It's not that I hate babies, because babies are super cute. The cheeks, those little sweatshirts with animal hoodies, all the firsts, and how sweet they feel when they nap on you. Don't forget, though, the total and complete incapability to control their bodily functions, their lack of concern about sleep, and the fact that they really don't communicate all that effectively. 

Toddlers? My toddler was a gem- never once did he throw one of those nightmarish fits and he was capable of doing very quiet, tedious activities like putting stickers on paper for hours. Watching them learn so much about the world is absolutely delightful and hearing them talk is the best. But, still. They need help with EVERYTHING. I mean, sometimes I don't want to put shoes on another person. Put on your own shoes. It's not that hard. 

Then, they become tiny people! Hooray! They're housebroken, then dress themselves, they put cream cheese on their bagels, they have conversations with you, their hobbies start emerging, and you can rationalize with them (most of the time). It's great.

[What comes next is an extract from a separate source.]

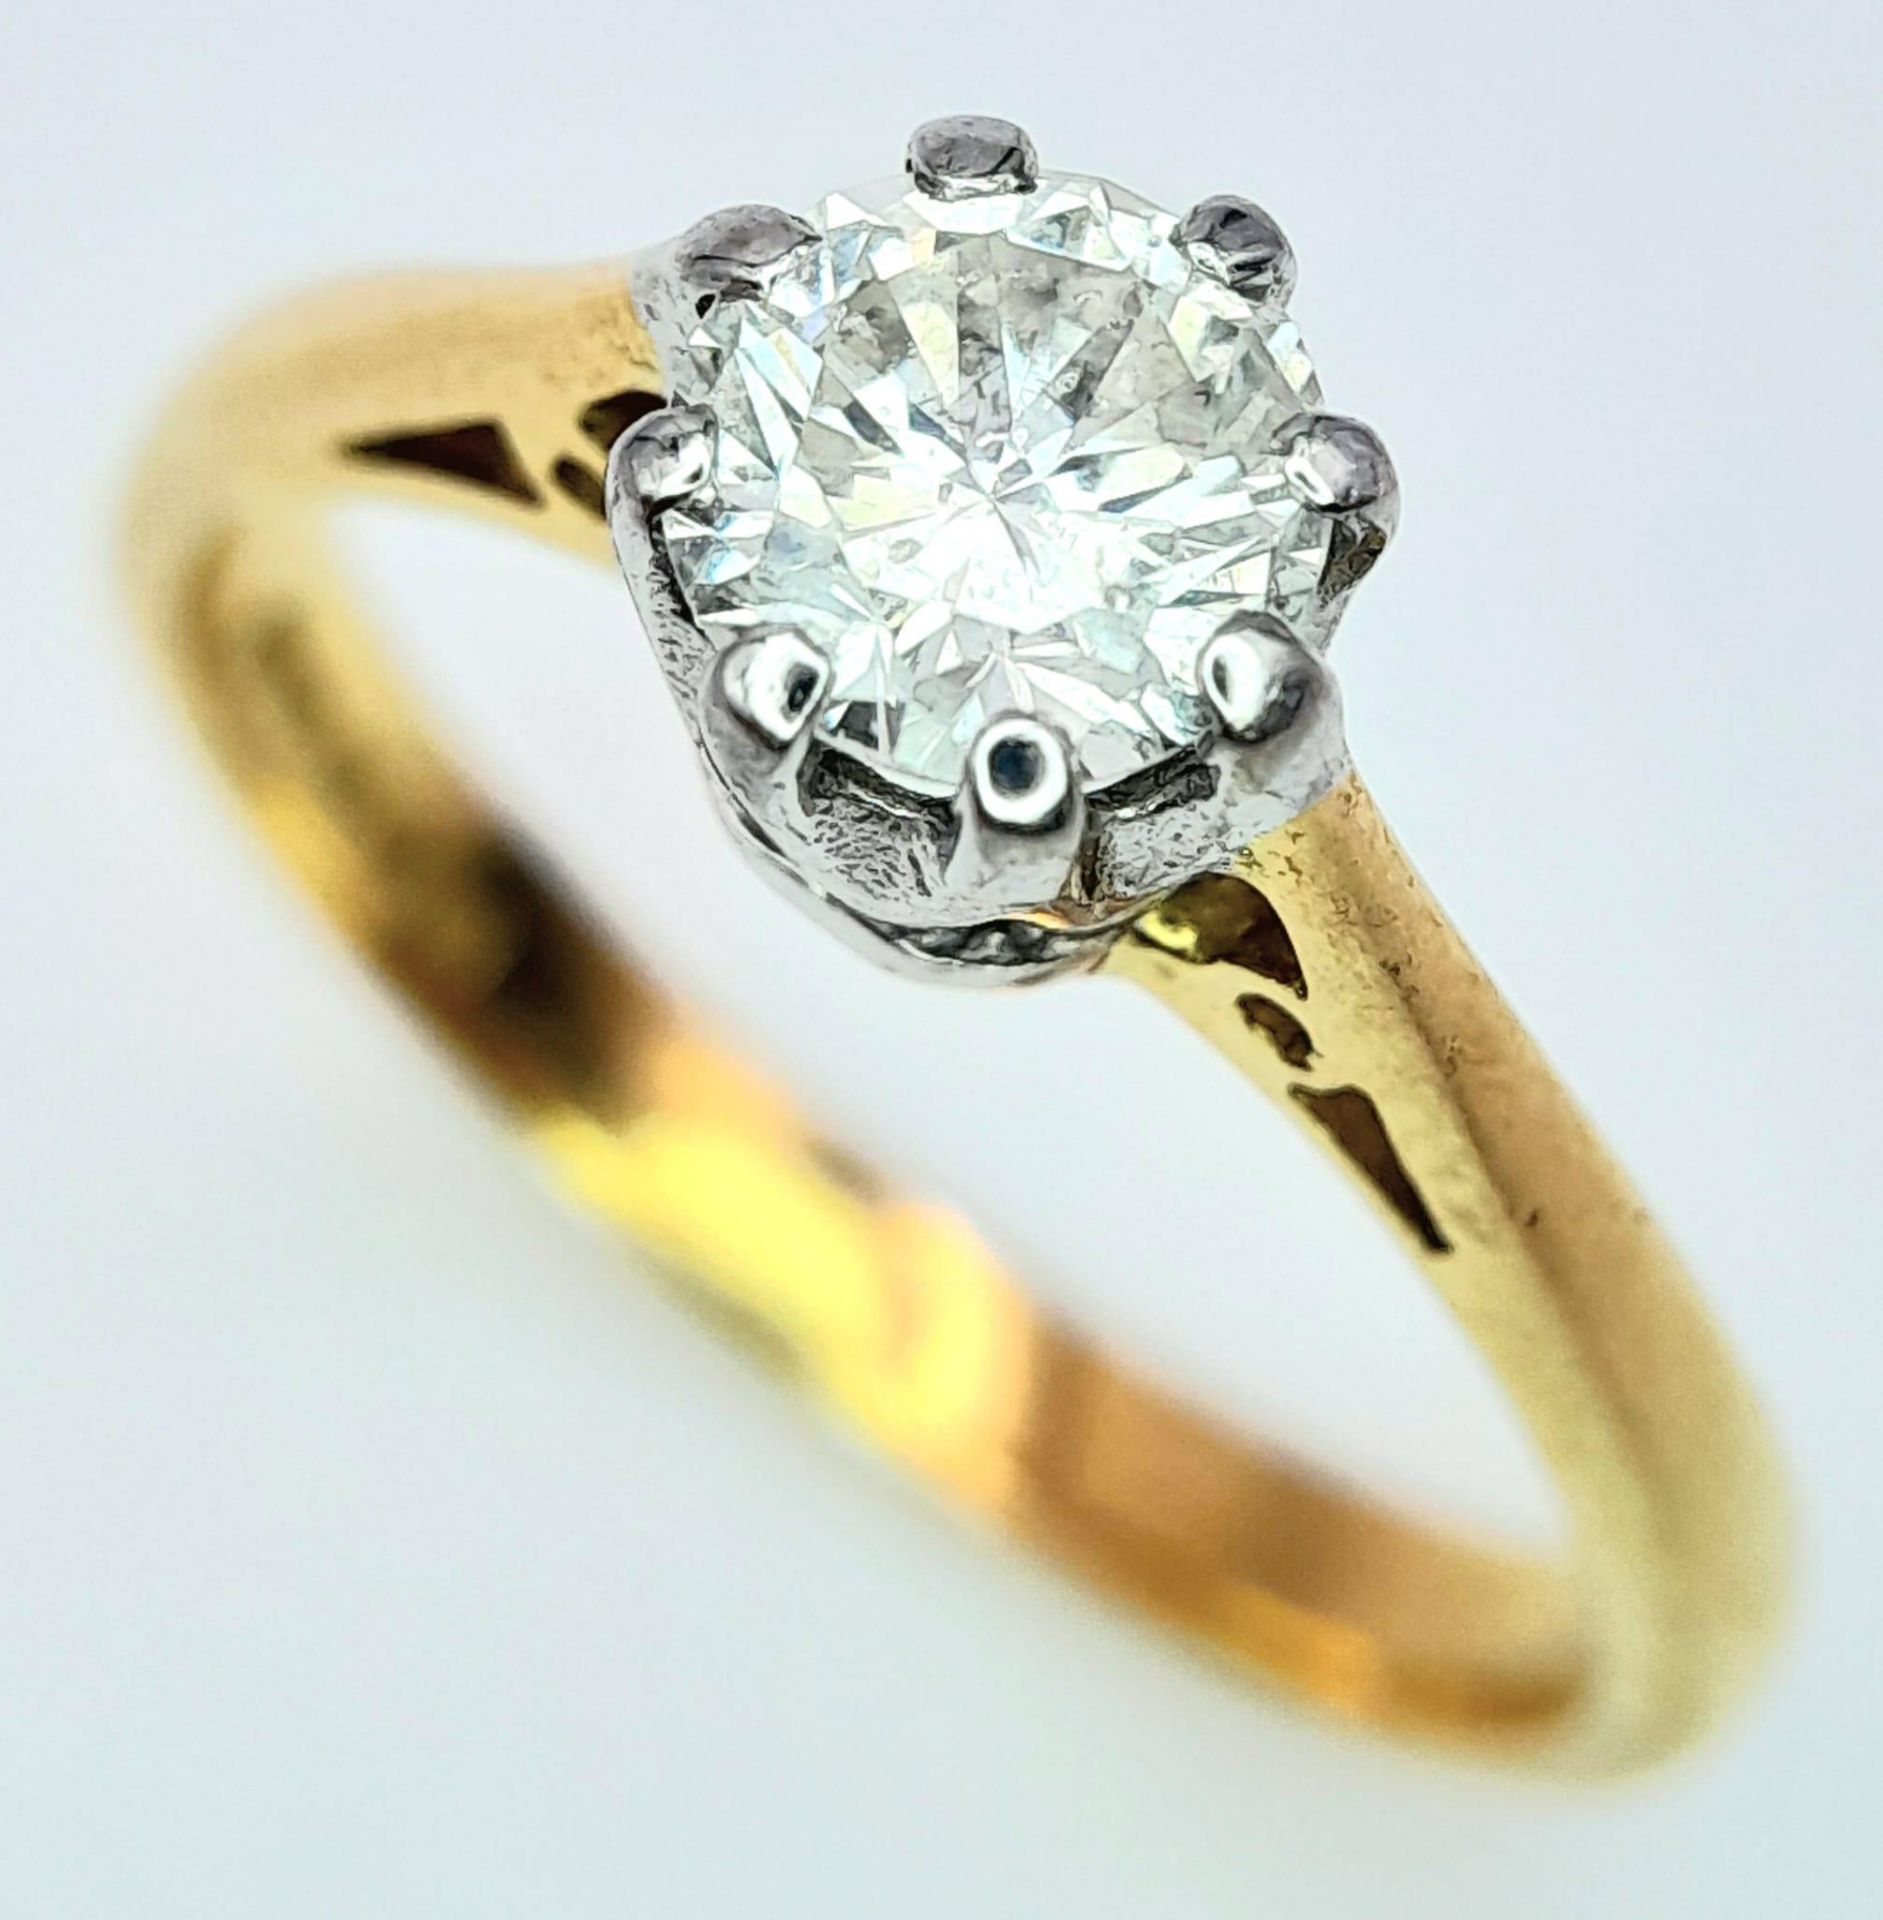 AN 18K YELLOW GOLD DIAMOND SOLITAIRE RING - 0.65CT. 8 CLAW SETTING. 3.4G. SIZE L. - Image 2 of 5

I've worked with all ages of elementary between teaching, student teaching, subbing, and whatnot, and I've been at the high school level for more than a decade. I know that aging doesn't make kids void of flaws, and there are always hiccups along the way. There are many inevitable, uncomfortable things headed my way in the years to come, I know. 

But still.

I'm glad I don't have a baby anymore. Maybe it's because I waited until I was thirty to have a kid and had a good, long taste of comfortable adult life while not being responsible for a human. Maybe it's how I'm wired? It's not that I'm not maternal, because I think I am, and it's not that I hated pregnancy, because mine was fine. I just love not being responsible for an super tiny creature and I thoroughly enjoy seeing my son become more grown up. 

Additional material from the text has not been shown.